Former Canadian MP of the Asia Pacific region and co-author of Bloody Harvest/The Slaughter David Kilgour testified at the Tribunal and told the ABC’s The World program that the government’s transplantations crimes are escalating. “I was a prosecutor for 10 years. The evidence is overwhelming,” he said.

The Tribunal recommended that “there is a duty on those who have the power to institute investigations for, and proceedings at, international courts or at the UN to test whether Genocide has been committed.
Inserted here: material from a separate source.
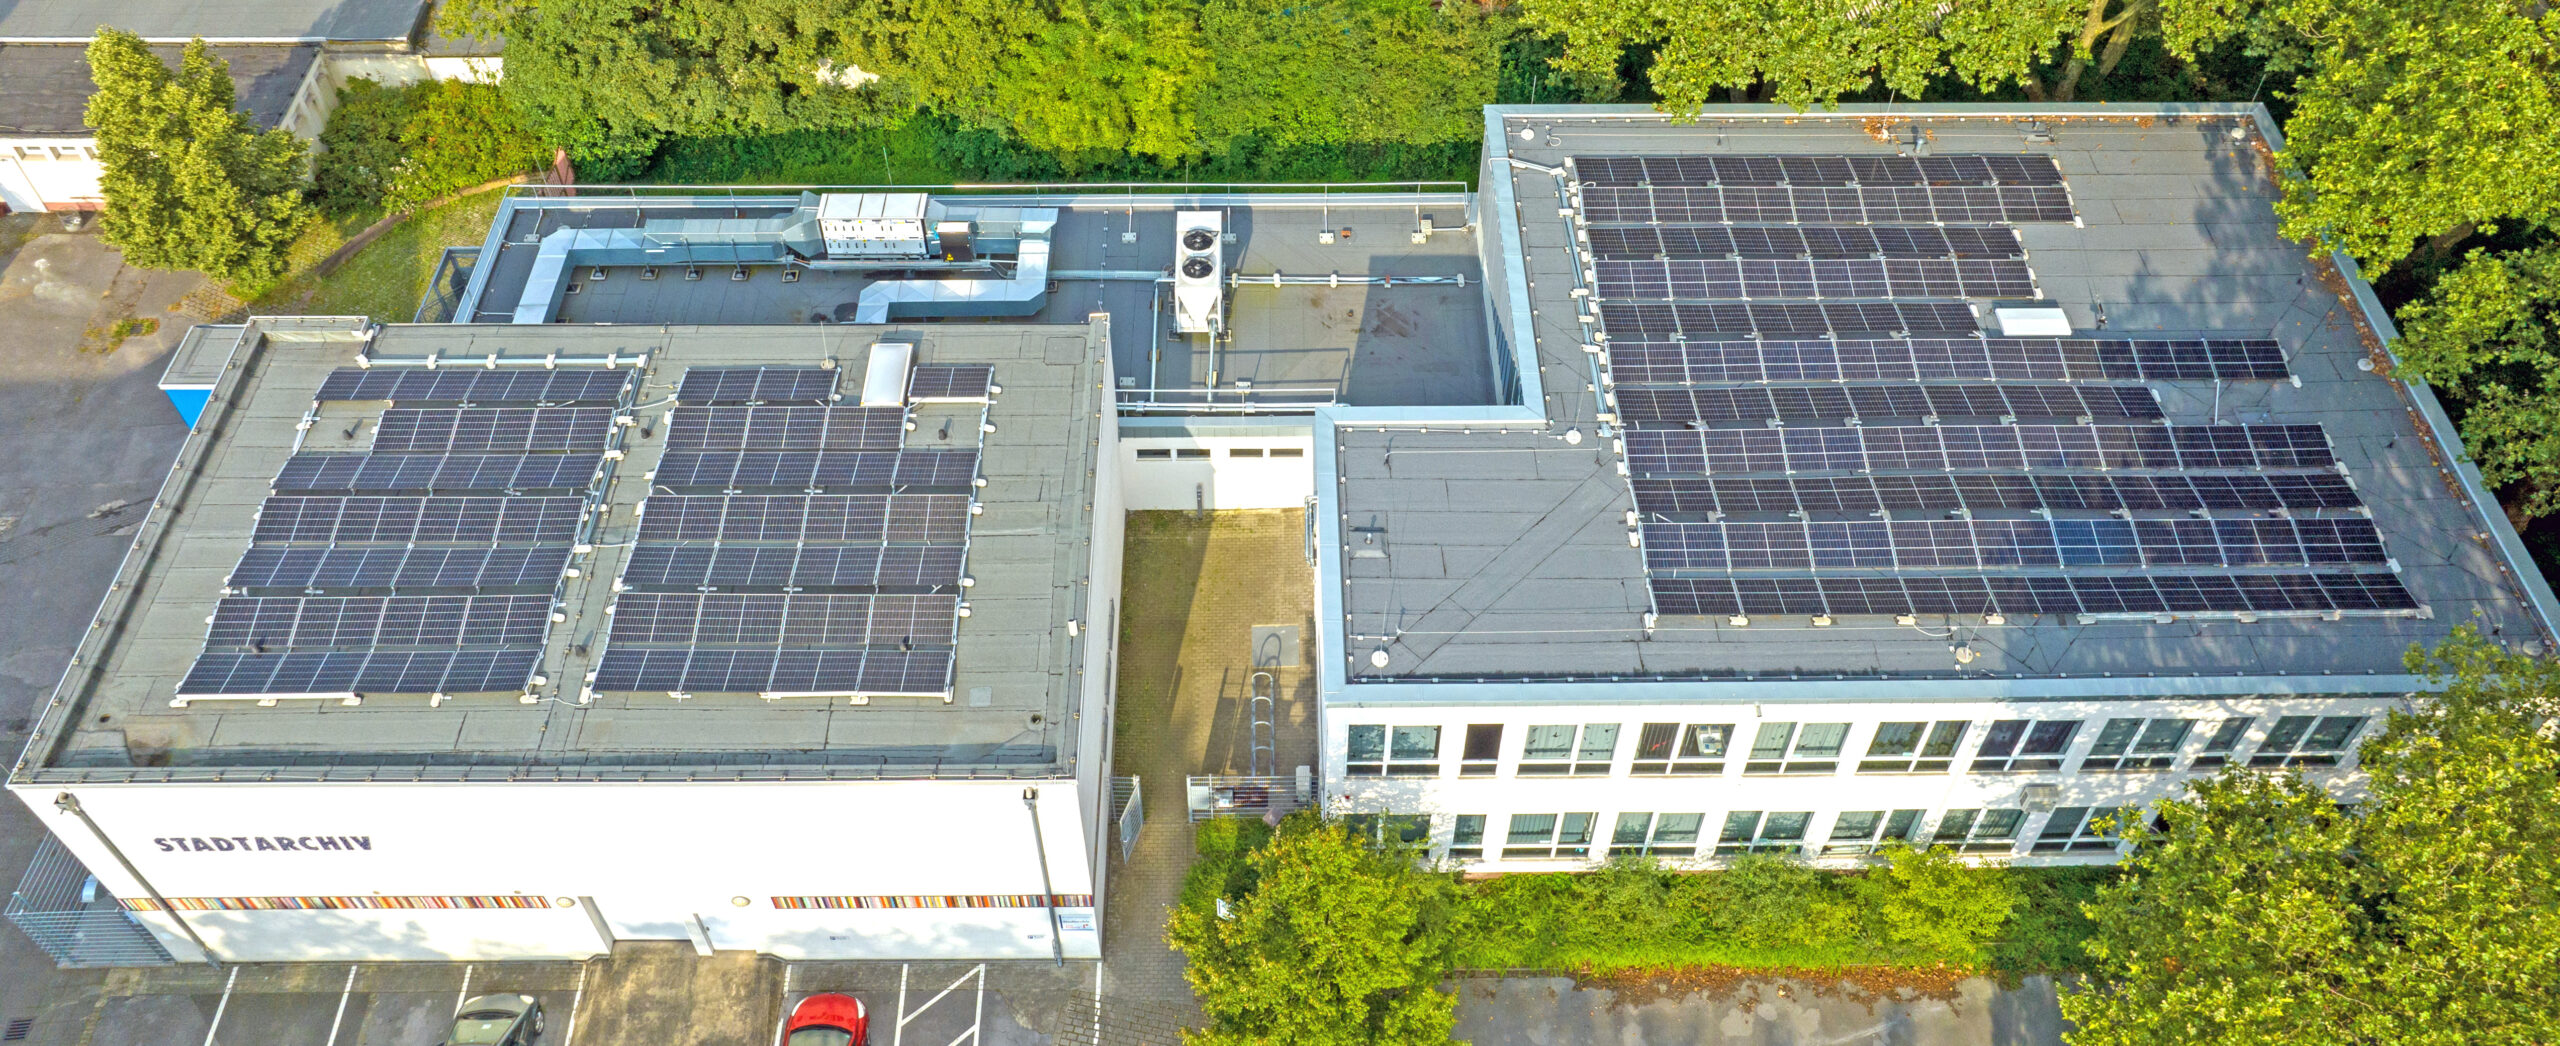 Photovoltaik liefert Strom für Stadtarchiv-Klimaanlage: Energetische Sanierung abgeschlossen

They should act immediately to determine accountability for any acts contrary to the provisions of the Genocide Convention.”

The Tribunal also stated that “Governments and international bodies must do their duty not only in regard to the possible charge of Genocide but also in regard to Crimes against Humanity, which the Tribunal does not allow to be any less heinous.” Failing that, the Tribunal urged citizens to act jointly to pressure governments “so that those government and international bodies are unable not to act.” The judgement added, “any who interact in any substantial way with the PRC including doctors and medical institutions; industry, and businesses, most specifically airlines, travel companies, financial services businesses, law firms and pharmaceutical and insurance companies together with individual tourists, educational establishments and arts establishments should now recognize that they are, to the extent revealed above, interacting with a criminal state.”

The Tribunal’s findings, notes Illicit Trade News Network, have in fact put pressure on Western governments to ban so-called transplant tourism to countries such as China, and resulted in calls for doctors and medical organizations across the globe to stop working with the country in fields relating to organ transplantation.

In March of this year, over 40 British MPs called for a ban on UK citizens traveling to China for organ transplant operations, urging the UK government to impose similar restrictions to those imposed by Italy, Spain, Israel and Taiwan.

Wendy Rogers, ethicist at Macquarie University in Sydney, Australia, and chair of the international advisory committee of ETAC, who testified at the Tribunal’s hearing stated that the panel’s report “illustrates the gravity of events transpiring in China…I hope hospitals and journals will take a closer look at their policies.”

The World Health Organization and the World Medical Association condemn the practice of procuring organs for transplant from executed prisoners. The use of research data procured from the use of illicitly obtained organs is also widely criticized. A number of journals have policies that ban the publication of such data. However, there is total lack of transparency surrounding organ procurement sourcing procedures for all research studies conducted in China.